#### Try it
Using the data that follows, give again word for word the lines between the one holding "Cupboard, Circa 1800" and the one holding "5 Photorealistic Billboard", inclusive. Omit the pictures.

#### Data provided
============
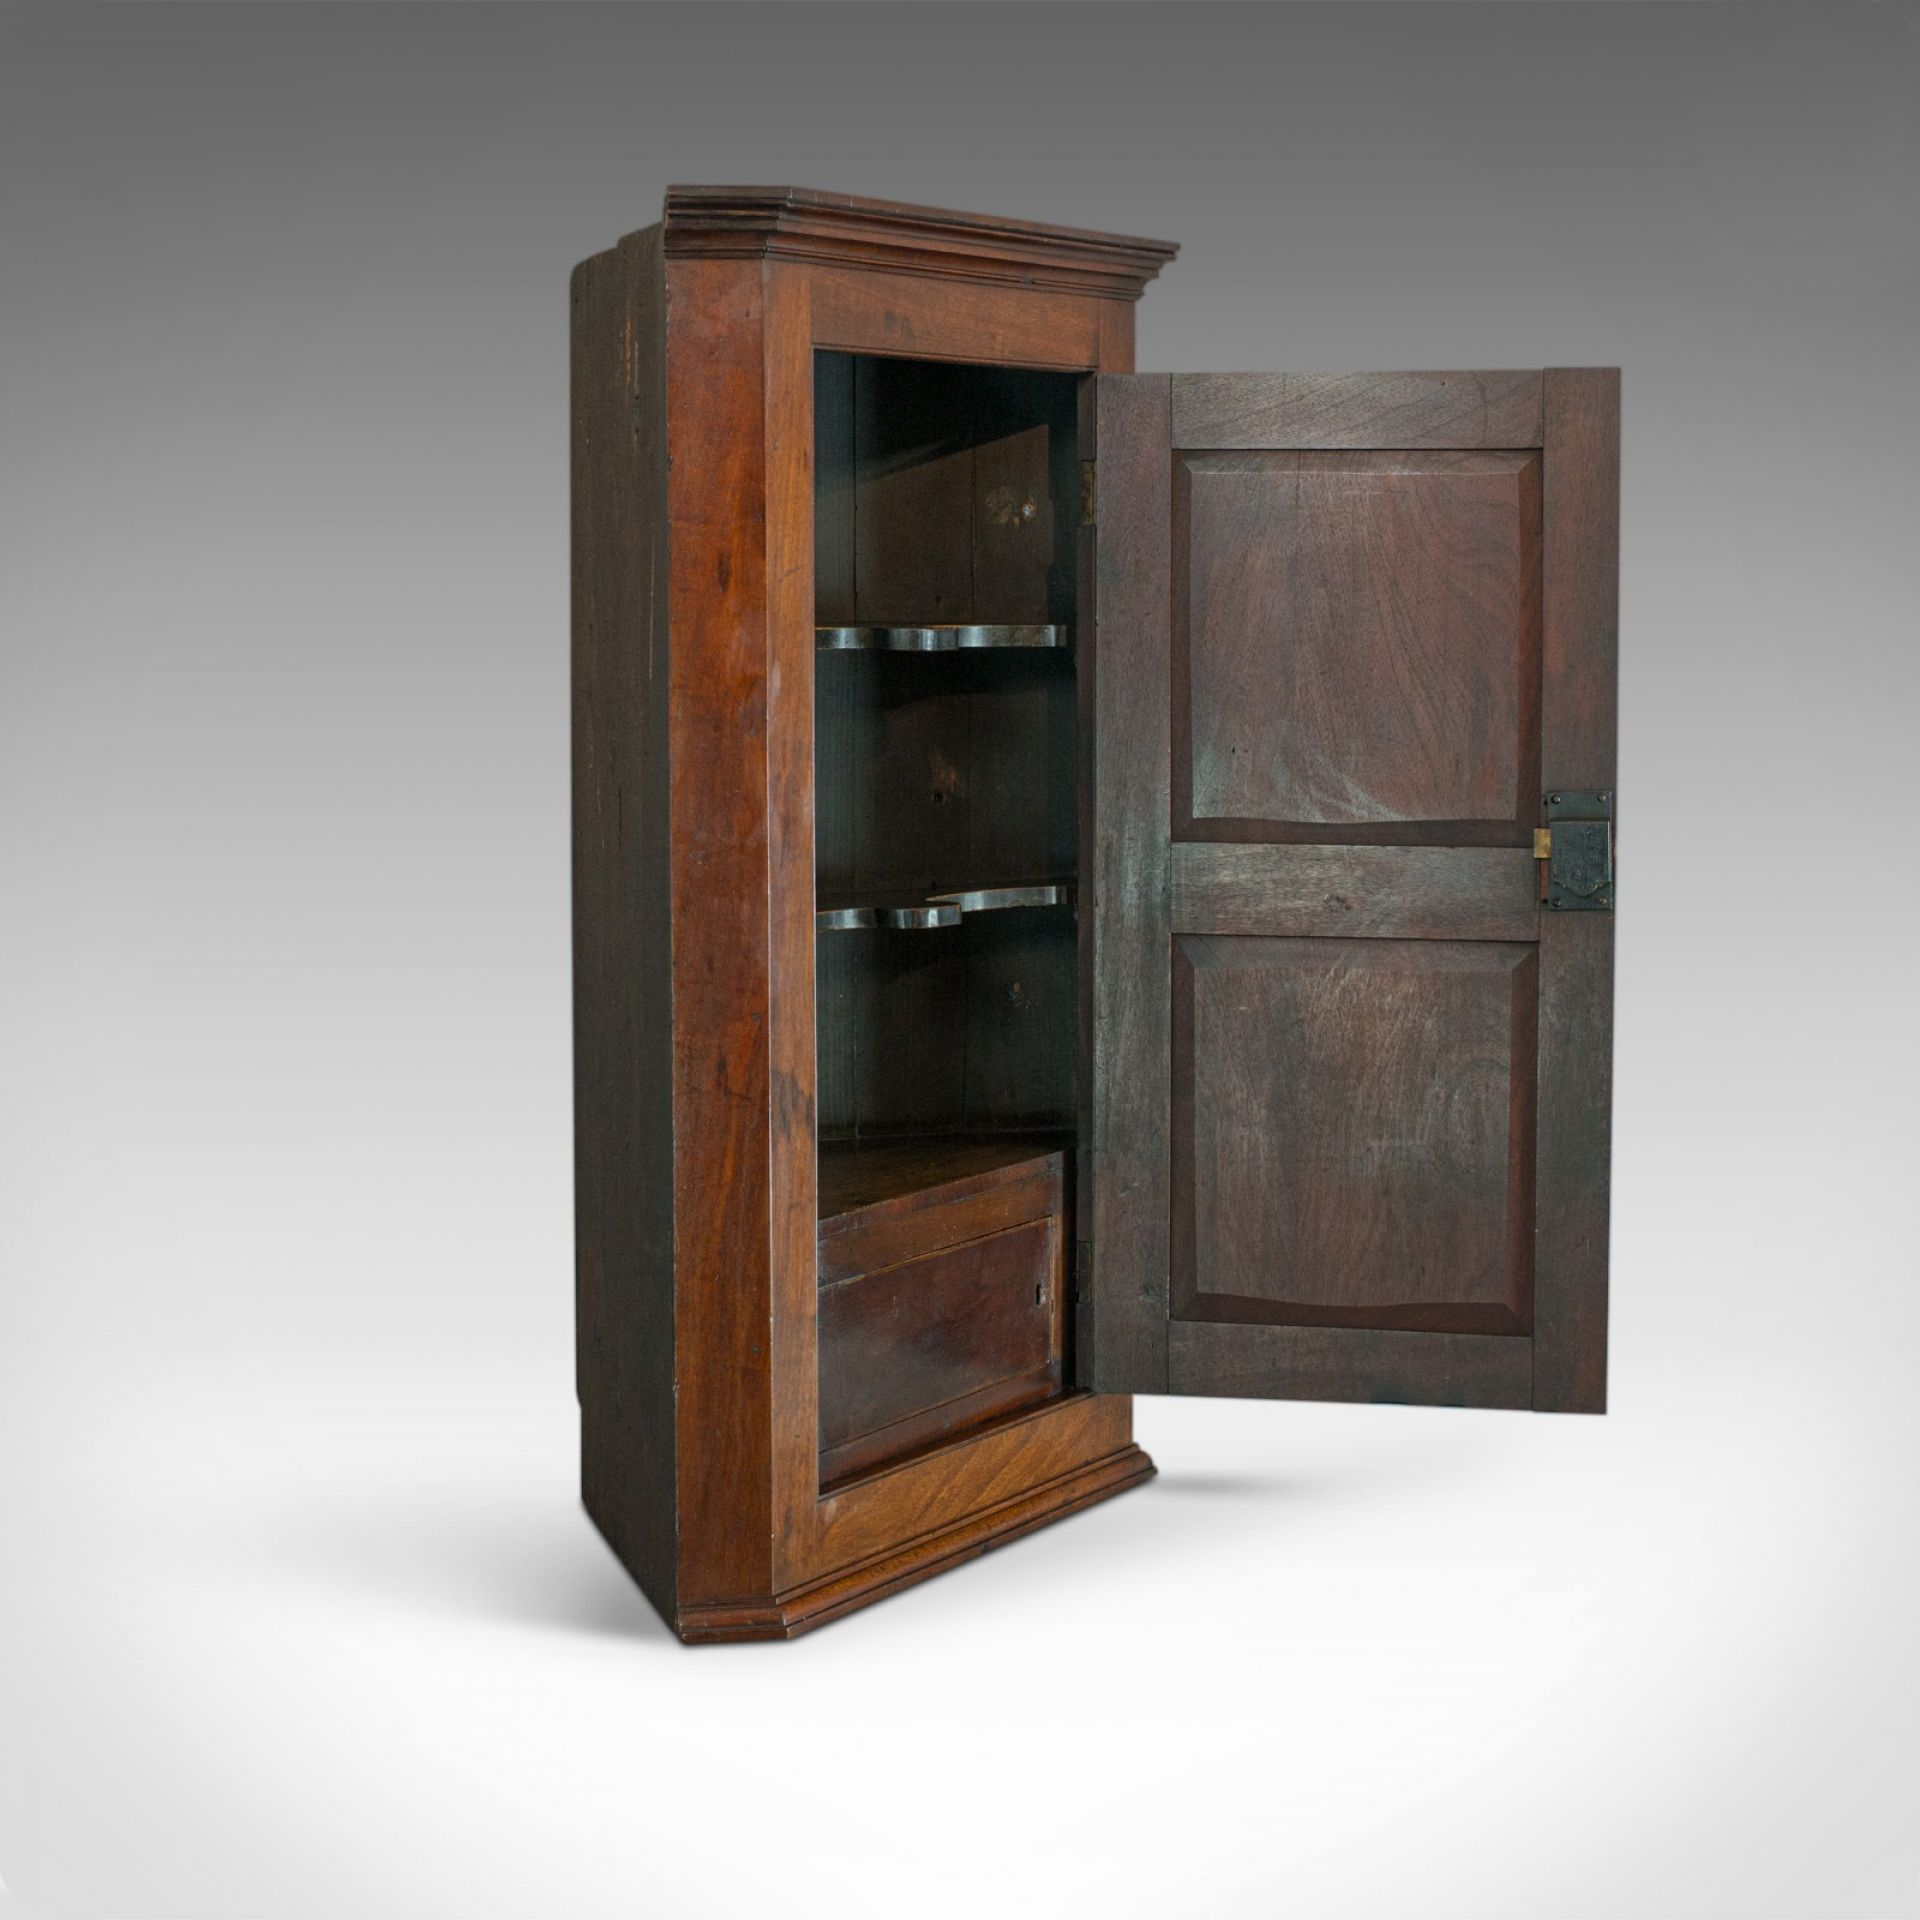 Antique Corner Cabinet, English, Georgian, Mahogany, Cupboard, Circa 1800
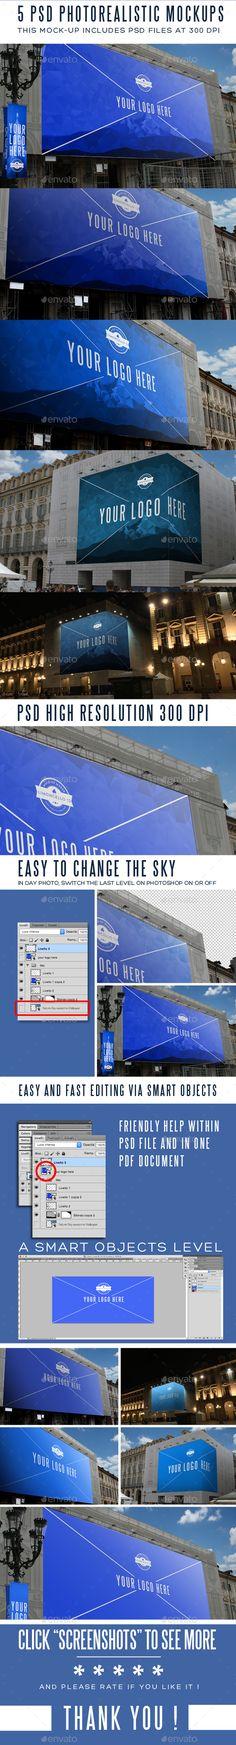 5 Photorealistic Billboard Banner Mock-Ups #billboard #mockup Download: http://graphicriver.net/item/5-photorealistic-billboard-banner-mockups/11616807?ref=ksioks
============
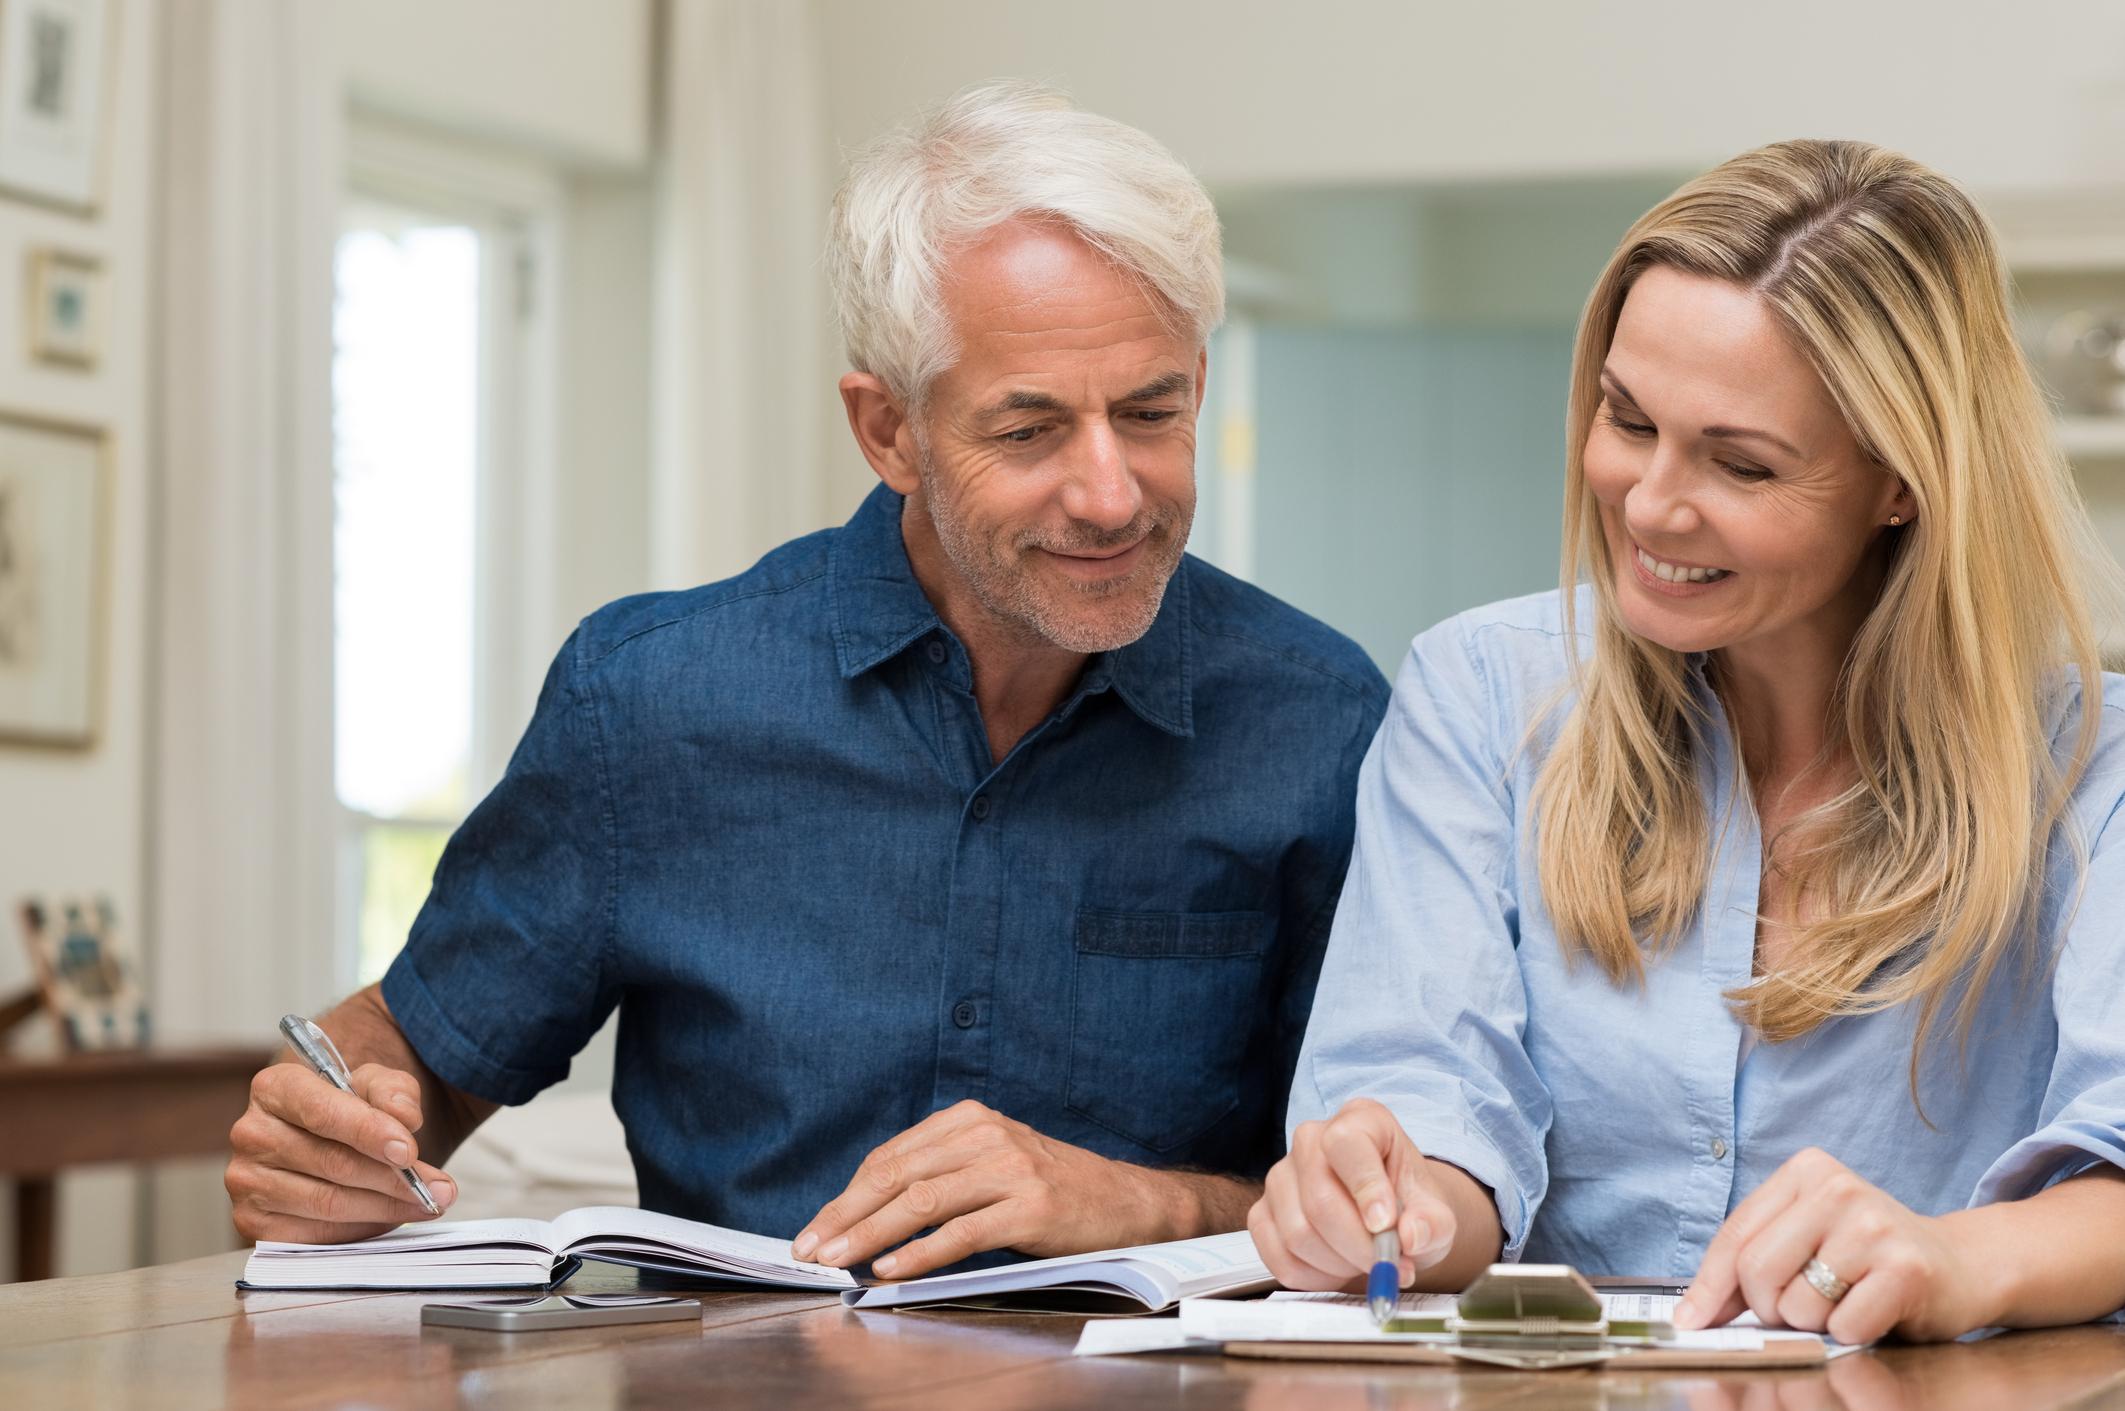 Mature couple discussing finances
============
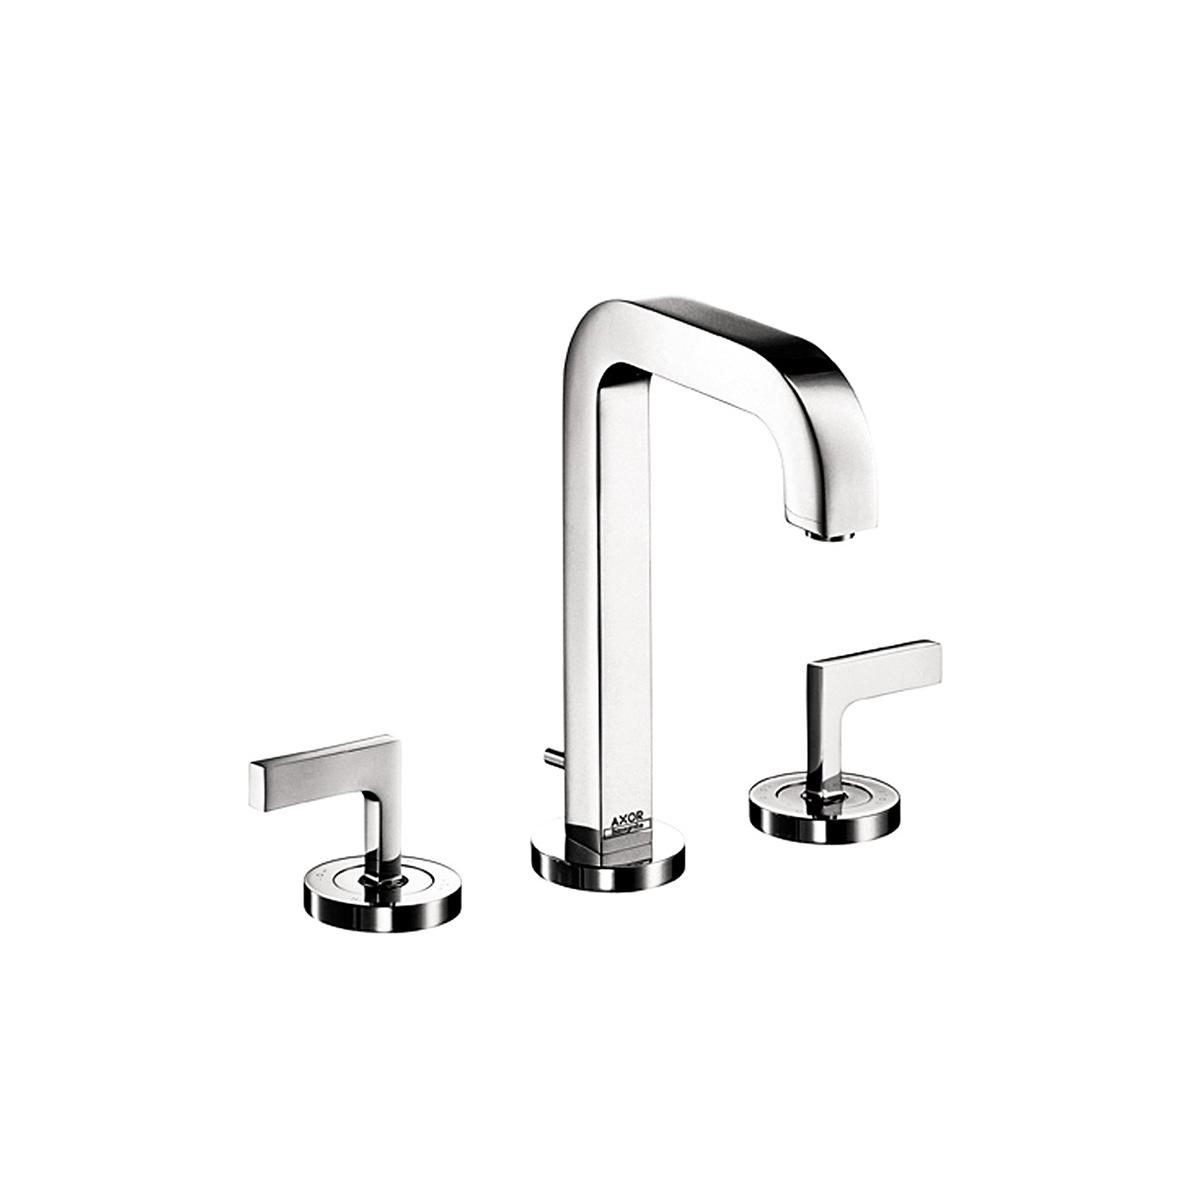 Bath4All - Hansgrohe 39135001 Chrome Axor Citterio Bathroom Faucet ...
============
#### Final answer
 Antique Corner Cabinet, English, Georgian, Mahogany, Cupboard, Circa 1800
 5 Photorealistic Billboard Banner Mock-Ups #billboard #mockup Download: http://graphicriver.net/item/5-photorealistic-billboard-banner-mockups/11616807?ref=ksioks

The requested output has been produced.